Take an algebraic theory, say $V$, (which we identify with its category of models in Set) and a category $D$ with "sufficient structure". Then we can consider co-$V$-objects in $D$. These represent covariant functors $D \to V$. Let $H$ be such. Now if we take a co-$V$-object in $V$, say $B$, then by composition we get a covariant functor $D \to V \to V$. Under the "sufficient structure" assumption on $D$, representability is equivalent to having a left adjoint. As both $D \to V$ and $V \to V$ are representable, both have left adjoints. Thus their composition has a left adjoint and so is representable. Hence there is a co-$V$-algebra object representing $B_* H_*$ which we may as well write as $B \otimes H$. Lots of obvious naturality then implies that there is a corresponding bifunctor $VV^c \times DV^c \to DV^c$. In the particular case that $D = V$ we see that $VV^c$ is monoidal - which is the starting point of the construction of Tall-Wraith $V$-monoids - and more naturality then implies that the bifunctor $VV^c \times DV^c \to DV^c$ is an action of $VV^c$ on $DV^c$.

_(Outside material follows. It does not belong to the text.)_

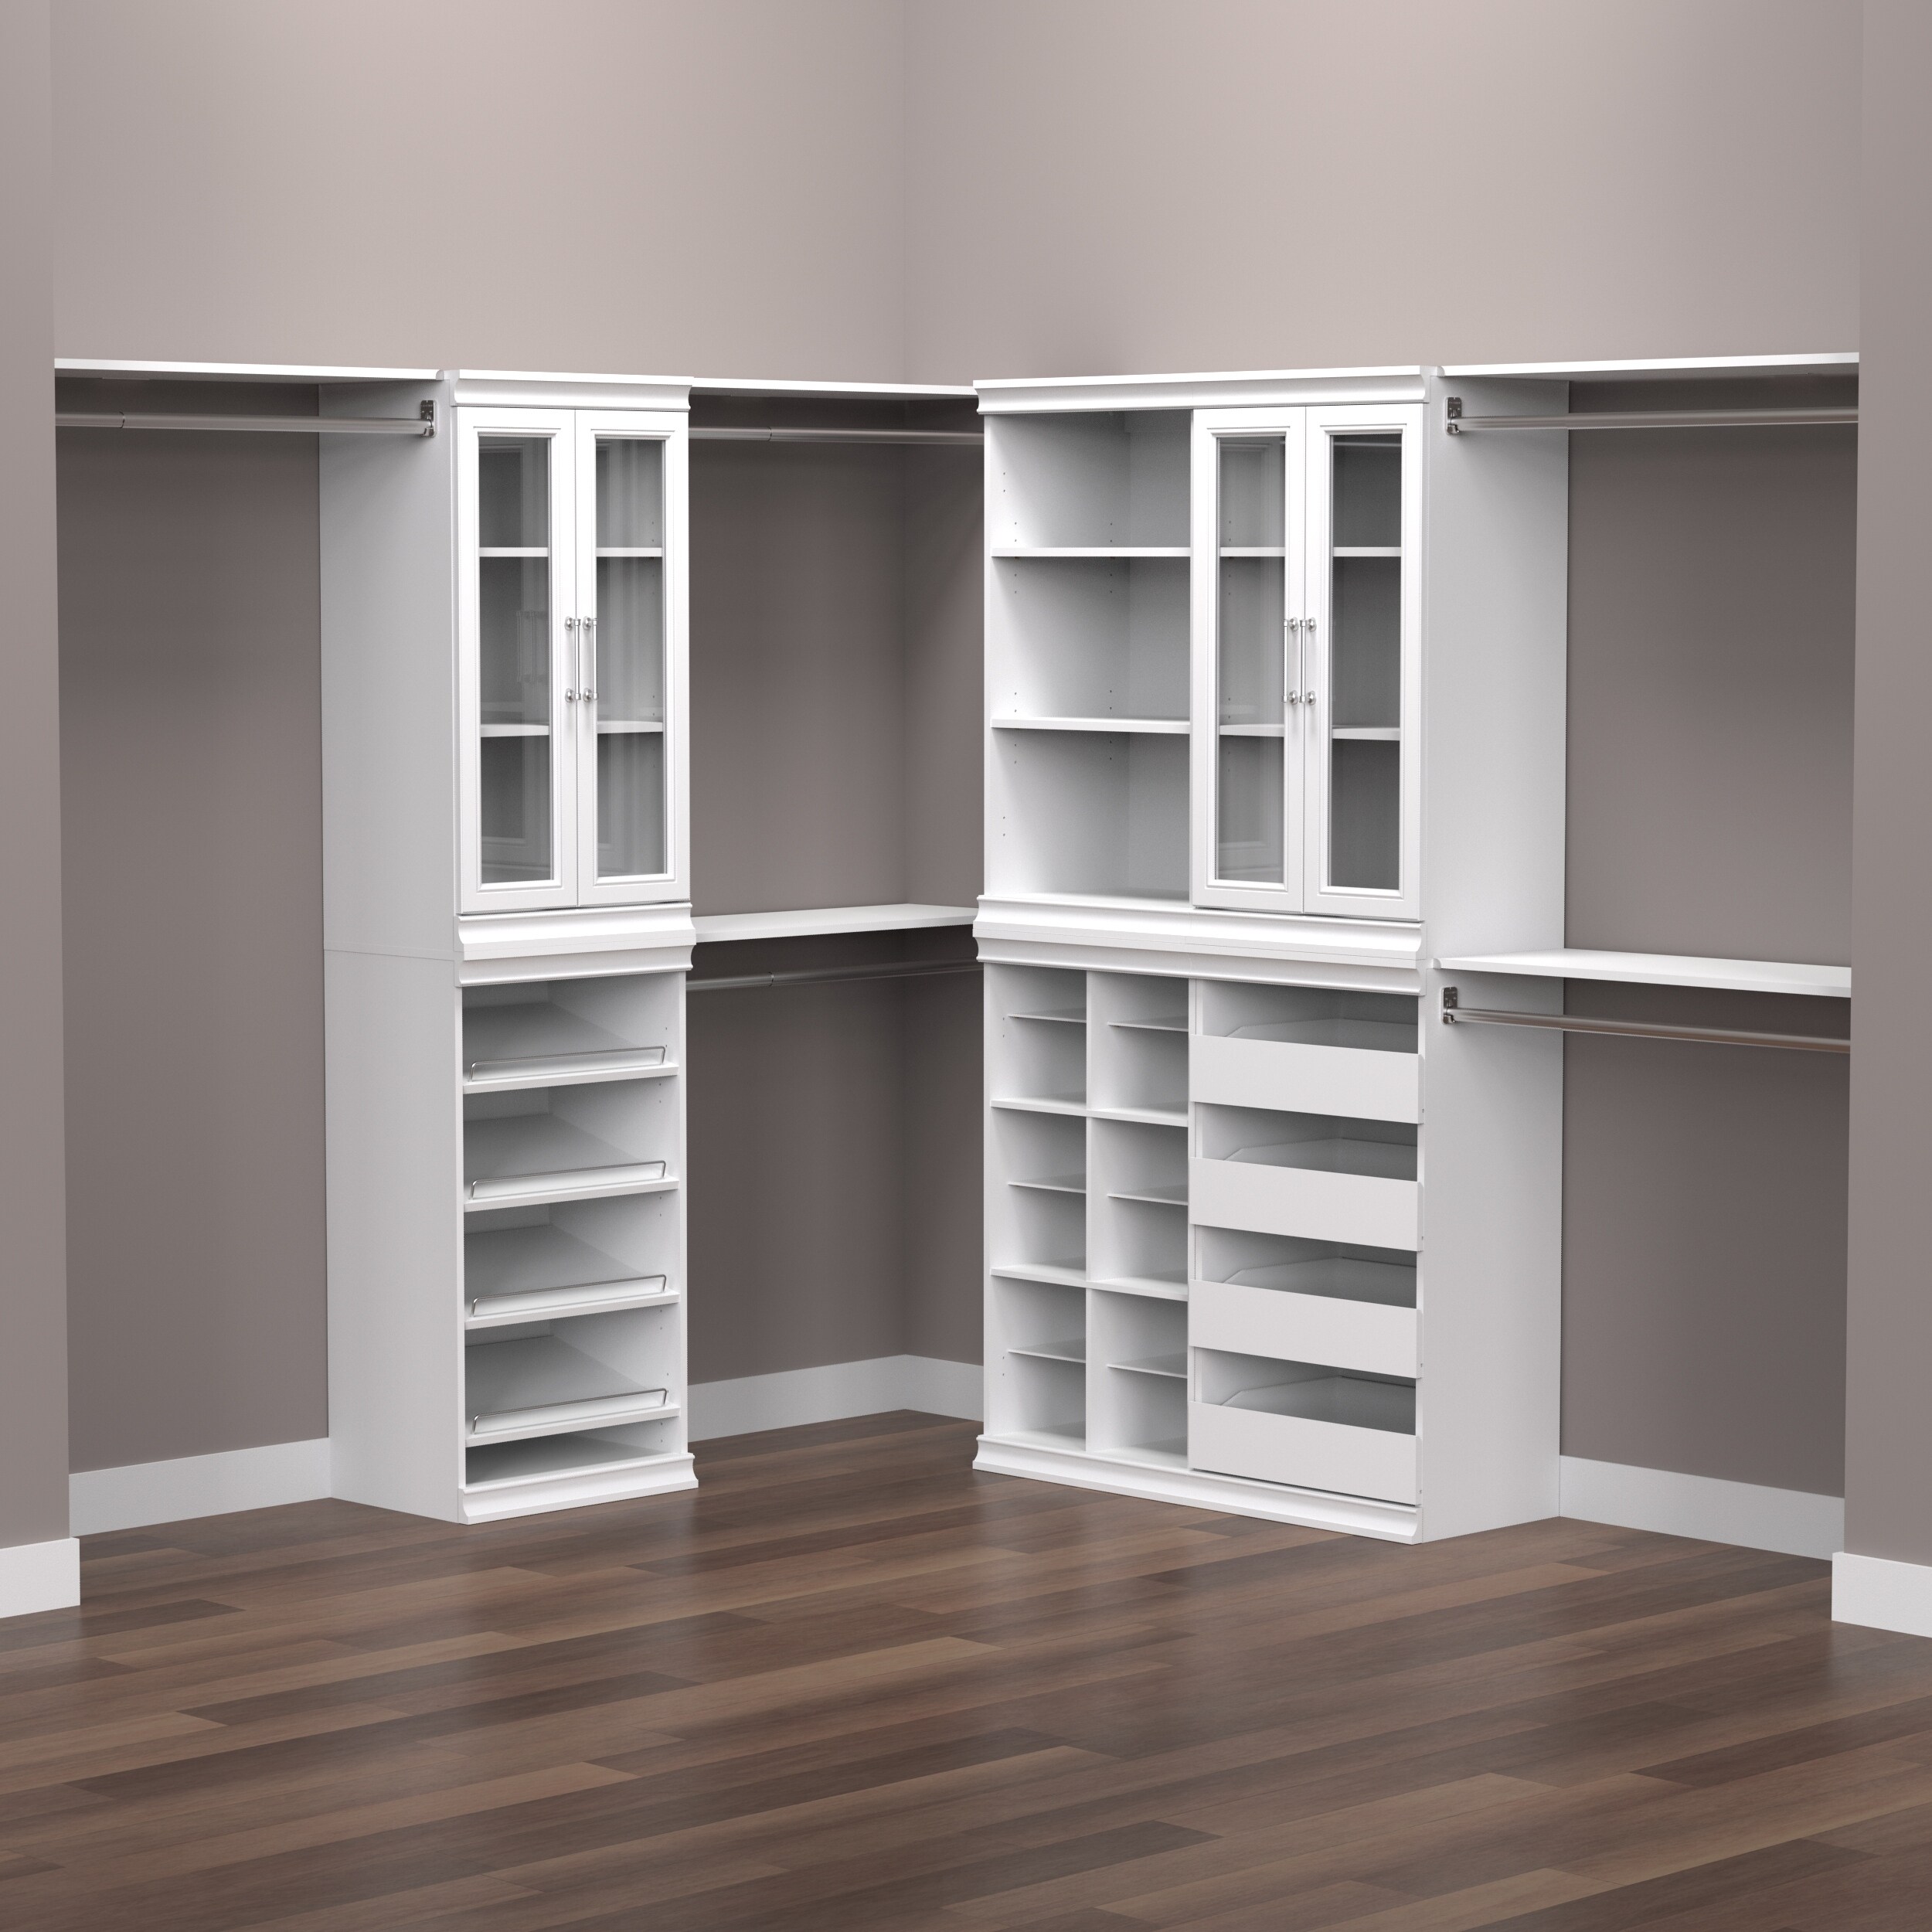 ClosetMaid Modular Storage 21.38 W Shelving Unit with 12 Shelves
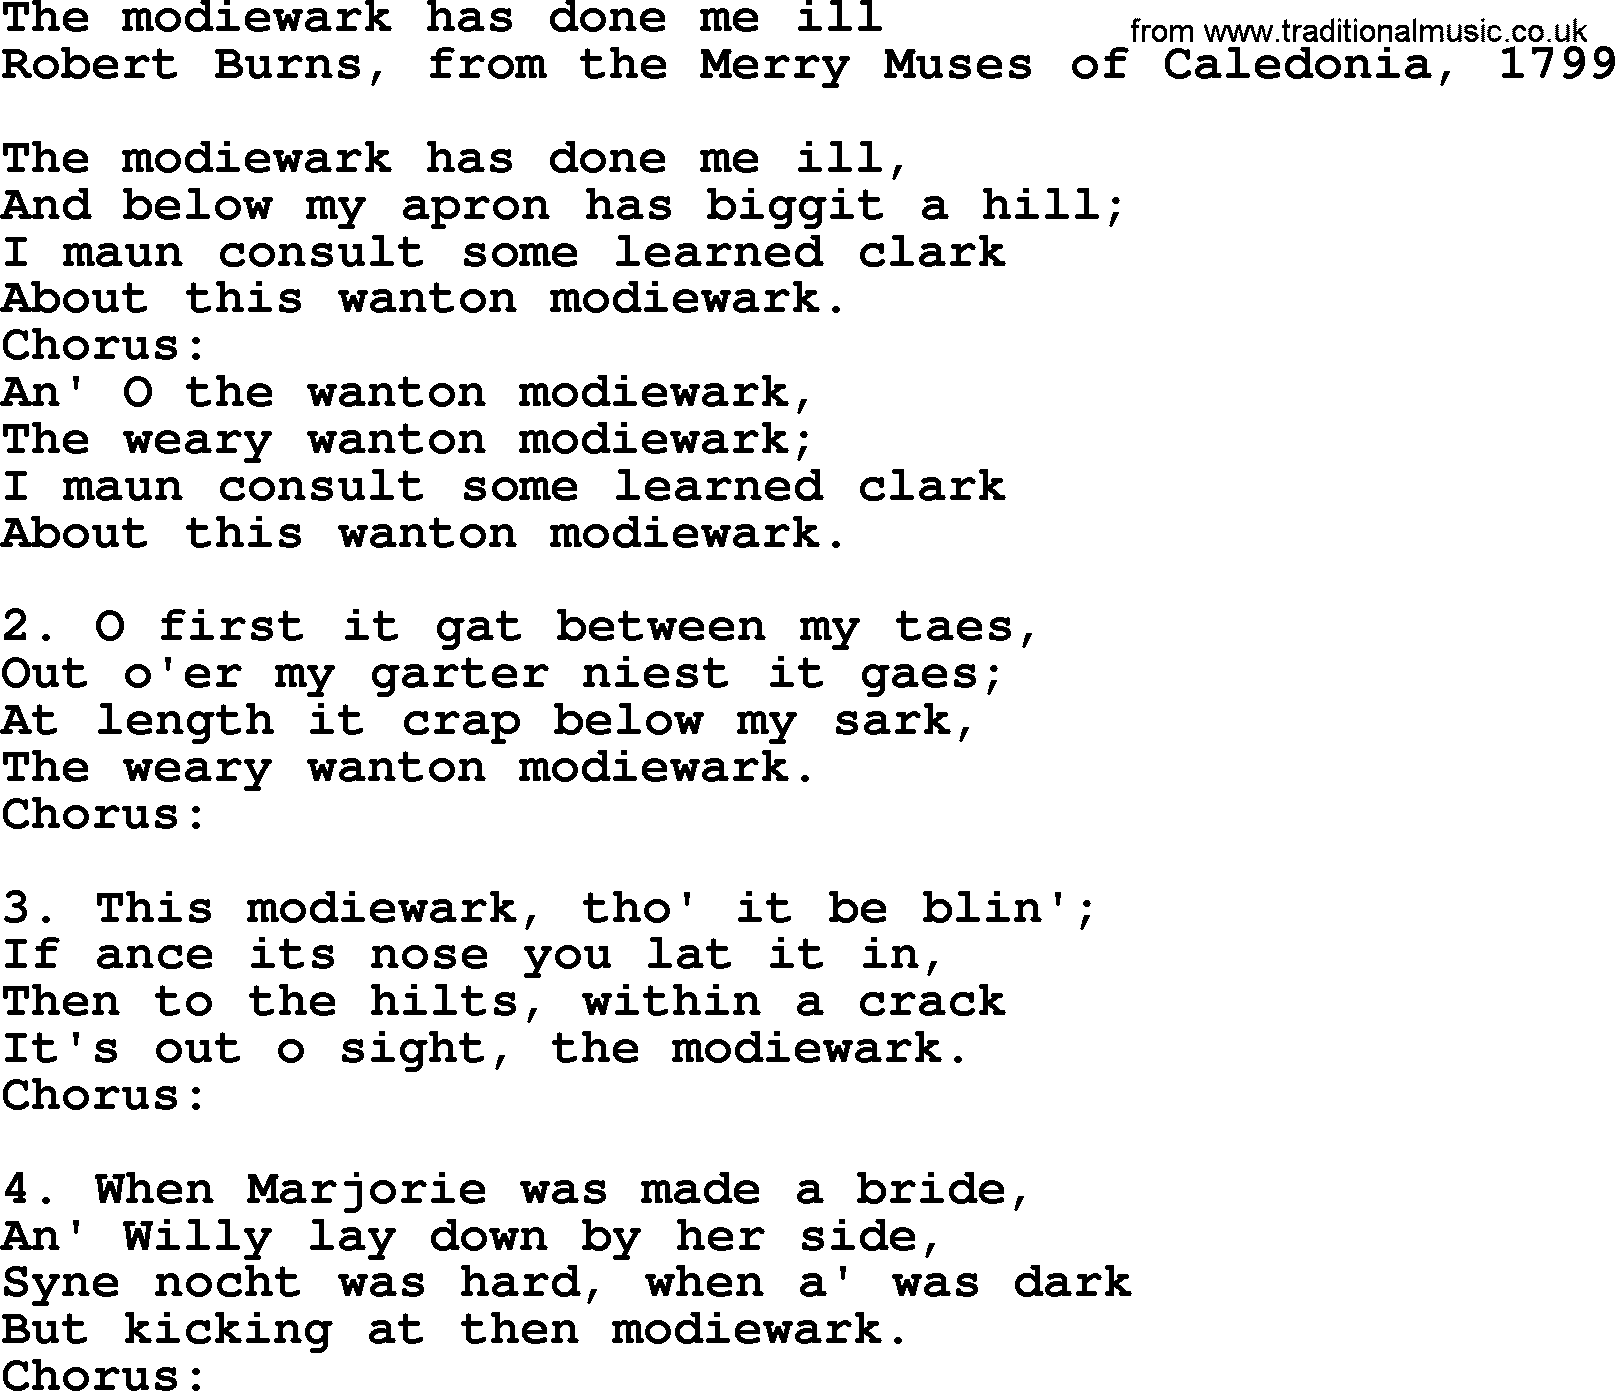 Robert Burns Songs & Lyrics: The Modiewark Has Done Me Ill

This generalises even further to give a - slightly odd-looking - action of $VV^c$ on the category of $V$-objects in $D$.
In the specific case in question, $V$ is the category of abelian groups and as $D$ is an abelian category, every object in $D$ is automatically a co-$V$-object in $D$.
(Bits of this story are in the Hunting of the Hopf Ring, other bits will be in a forthcoming paper with Sarah Whitehouse on Tall-Wraith monoids.)